Launch Alert (UPDATE!): Saturday, August 19, 2017 at 01:00 EDT (05:00 UTC), the Japan Aerospace Exploration Agency (JAXA), will be launching the Mitsubishi Heavy Industries H-IIA (H-2A) rocket; Launch Vehicle No. 35 (F35) flying in its 204 configuration (H-IIA 204). It will be carrying the Michibiki 3 navigation satellite from Launch Area-Y1 (Also known as Area-Y1 or LA-Y1) at the Tanegashima Space Center (TNSC), Japan.

Tanegashima Space Center (TNSC): There are 2 active launch pads at Tanegashima; Launch Pad-1 (LP-1) and Launch Pad-2 (LP-2). They are in an area known as the Yoshinobu Launch Complex and designated as Launch Area-Y, Area-Y or LA-Y. They differentiate between pads by placing a (1) or a (2) after the designation.

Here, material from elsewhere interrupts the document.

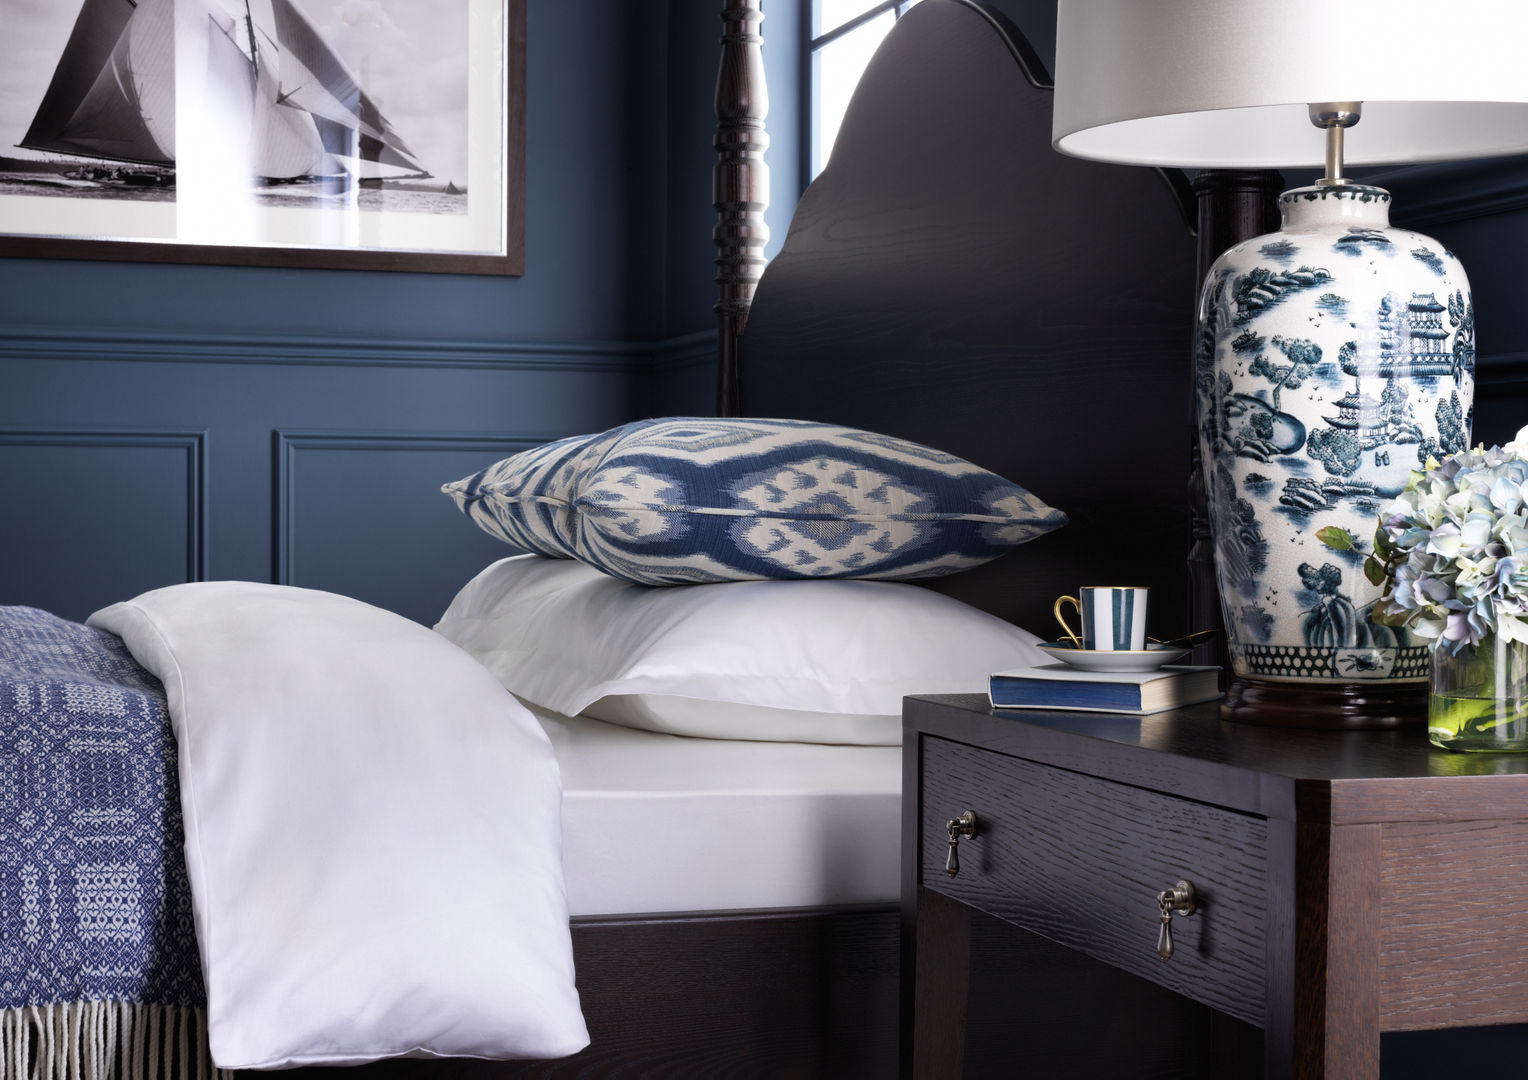 SS16 Style Guide - Coastal Elegance - Bedroom LuxDeco Dormitorios de estilo rural country,bedroom,blue,bedside table

H-IIA rockets launch from Pad-1 while H-IIB rockets launch from Pad-2.

JAXA’s Mitsubishi Heavy Industries H-IIA (H2A) rocket is a two (2) stage, medium lift, expendable rocket that stands 53m (173.8 ft.) tall and comes in two configurations; the 202 and 204. The H-IIA has a lift capacity of 10 tons to Low Earth Orbit (LEO), 4 tons to Geosynchronous Transfer Orbit (GTO), 4 tons to Sun Synchronous Orbit and about 2.5 tons to Earth Escape Velocity.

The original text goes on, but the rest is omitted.